Even this arrangement mainly stated what has already long been understood. Military medical ethicists and regulators agree that although people in uniform cannot be ordered to be in an experiment – a view that only emerged after World War II – commanders may justifiably order the use of drugs or devices that do not have demonstrated safety and efficacy if they believe that their force is under imminent threat and that their use is the best option. In turn, people in uniform will accept pretty much anything that is in the line of duty, especially if it will help them protect their brothers and sisters in arms, but they understandably resent being used as “human guinea pigs” as much as anyone else.
Problems of data collection, so crucial to gaining knowledge of drug effects, are severe enough in a carefully planned peacetime context of clinical trials. During a shooting war these problems are far greater as the confusion of combat conditions affects the way drugs are given and taken. Record keeping for the drugs that were used in Desert Storm and Desert Shield was poor even though logisticians could have helped gather information useful in future deployments. Perhaps 8,000 troops received the BT vaccine in the weeks before the invasion of Kuwait. Another 150,000 or so were vaccinated for inhalational anthrax. Tens of thousands received blister packs of a theorized antidote to nerve gas called pyridostigmine bromide (PB), used to treat myasthania gravis, a disease that progressively weakens muscles. The use of PB was voluntary but many thought it was required. The Pentagon had in fact tested PB on a few dozen personnel, not including those who might be sensitive to the drug or women, but those people were not excluded when the drug was given out.
In the months and years after the first Gulf War, veterans complained that their medical problems, often grouped under the term Gulf War Illness, were due partly to the drugs they were given. The etiology of this set of symptoms has never been fully understood but the anger can’t be questioned. Among the earliest Internet list serves were those of Gulf War veterans expressing their resentment. Over the years, I have been approached by many vets complaining about their medical conditions and the fact that records aren’t available, a concern that was echoed by a VA lawyer in a conversation I had just a few weeks ago.
Ironically, the FDA gave the Pentagon an opportunity to avoid much of the later anger by issuing their waiver on the condition that military personnel receive information about what they were being ordered or asked to take. That didn’t happen.
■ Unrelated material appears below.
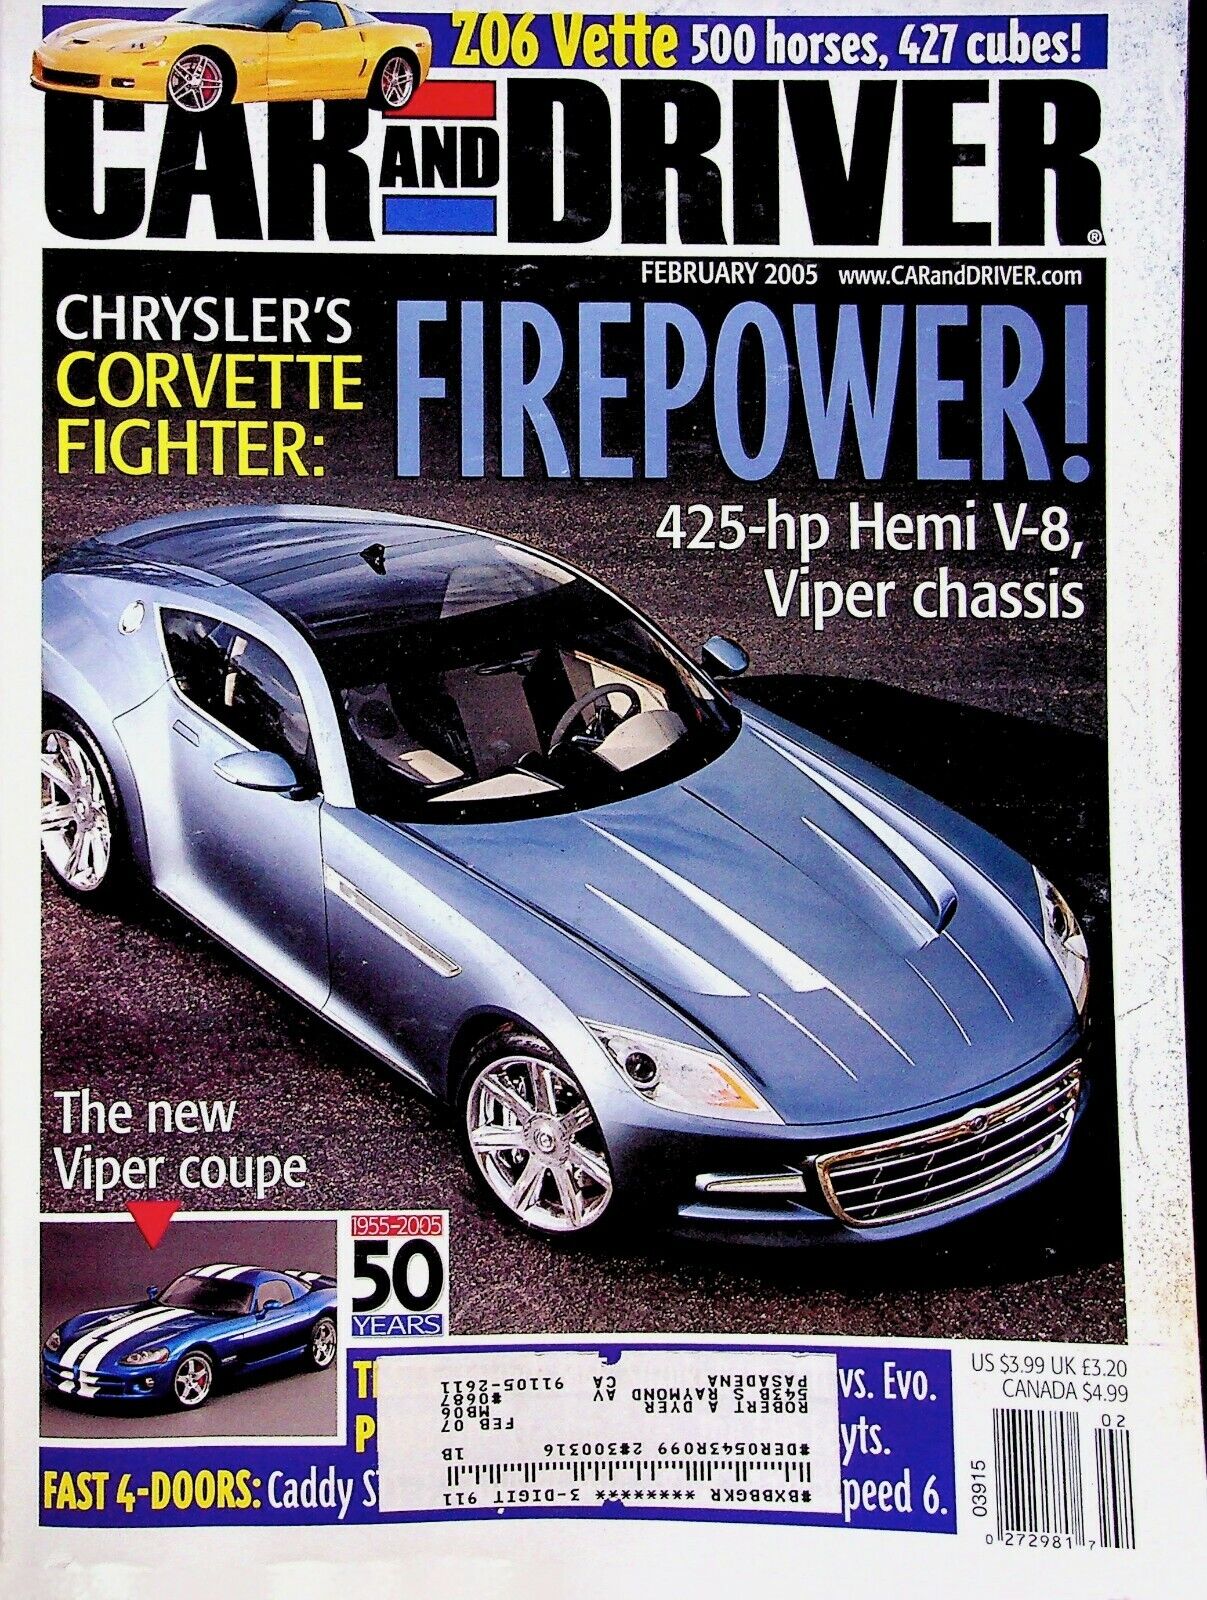 CHRYSLER FIREPOWER - CAR AND DRIVER MAGAZINE, FEBRUARY VOLUME 50, NO.8 2005

In 1994 some members of Congress expressed their annoyance at the civilian agency for granting the waiver in the first place (though the FDA noted that it’s not expert at fighting wars), and then for not complaining to the DoD that they failed to uphold their side of the deal. So, in the end, the civilian agency got it from both ends, which actually took some heat off the Pentagon. This is a story I told in my book, Undue Risk.
Going back to the 1950s the Department of Defense has a mixed record on human experiments, but the FDA’s evolved role in drug and device approval gives our military organization a substantive argument that it takes respect for the troops seriously. It’s too bad that the Pentagon can’t take yes for an answer.
Jonathan Moreno, an expert in medical and military ethics, is the David and Lyn Silfen University Professor at the University of Pennsylvania.